Затем Штитт замолкает, словно с наслаждением мысленно перематывает и проигрывает то, что сейчас говорил. Марио снова тяжело размышляет. Он пытается понять, как артикулировать что-то вроде: «Но значит, сражаться и преодолевать „Я" – то же самое, что уничтожать себя? Это как сказать, что жизнь по своим убеждениям – за смерть?» Три прохожих оллстонских подростка передразнивают лицо Марио за спинами парочки. Некоторые из выражений Марио во время размышлений едва ли не оргазмические: трепещущие и дряблые. «И тогда ну и в чем, получается, разница между теннисом и самоубийством, жизнью и смертью, игрой и ее окончанием?»
И в итоге, когда они добираются до места, экспериментирует с экзотическими вкусами мороженого всегда только Штитт. А Марио, как приходит момент решения у стойки, всегда трусит и выбирает старое доброе обычное шоколадное. Рассуждая в духе: «Самый лучший вкус – тот, который и так уже любишь».

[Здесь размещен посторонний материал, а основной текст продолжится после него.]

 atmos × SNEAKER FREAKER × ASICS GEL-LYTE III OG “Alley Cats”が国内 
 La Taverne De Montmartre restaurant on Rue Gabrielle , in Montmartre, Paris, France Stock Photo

– И в общем. Может, и нет разниц, – уступает Штитт, садясь навытяжку на алюминиевые перфорированные стулья с Марио на тротуаре под кривым зонтиком, из-за которого столик, в который тот вставлен, трясется и дребезжит от ветерка. – Может, и нет разниц, в общем, – вгрызаясь в трехцветный конус. Щупает сбоку белый подбородок, на котором, кажется, есть какая-то красная царапина. – Без разниц, – глядя на приподнятую среднюю линию авеню, где вниз по склону гремит поезд зеленой ветки, – не считая шанса сыграт. – он сияет и готовится захохотать своим страшным немецким ревом, повторяя: «Нет? Да? Шанс сыграт, да?» И Марио капает солидной порцией шоколада на подбородок, потому что по непроизвольной привычке всегда смеется, когда смеется кто-то еще, и тогда Штитт находит, что сказанное им и в самом деле чрезвычайно забавно.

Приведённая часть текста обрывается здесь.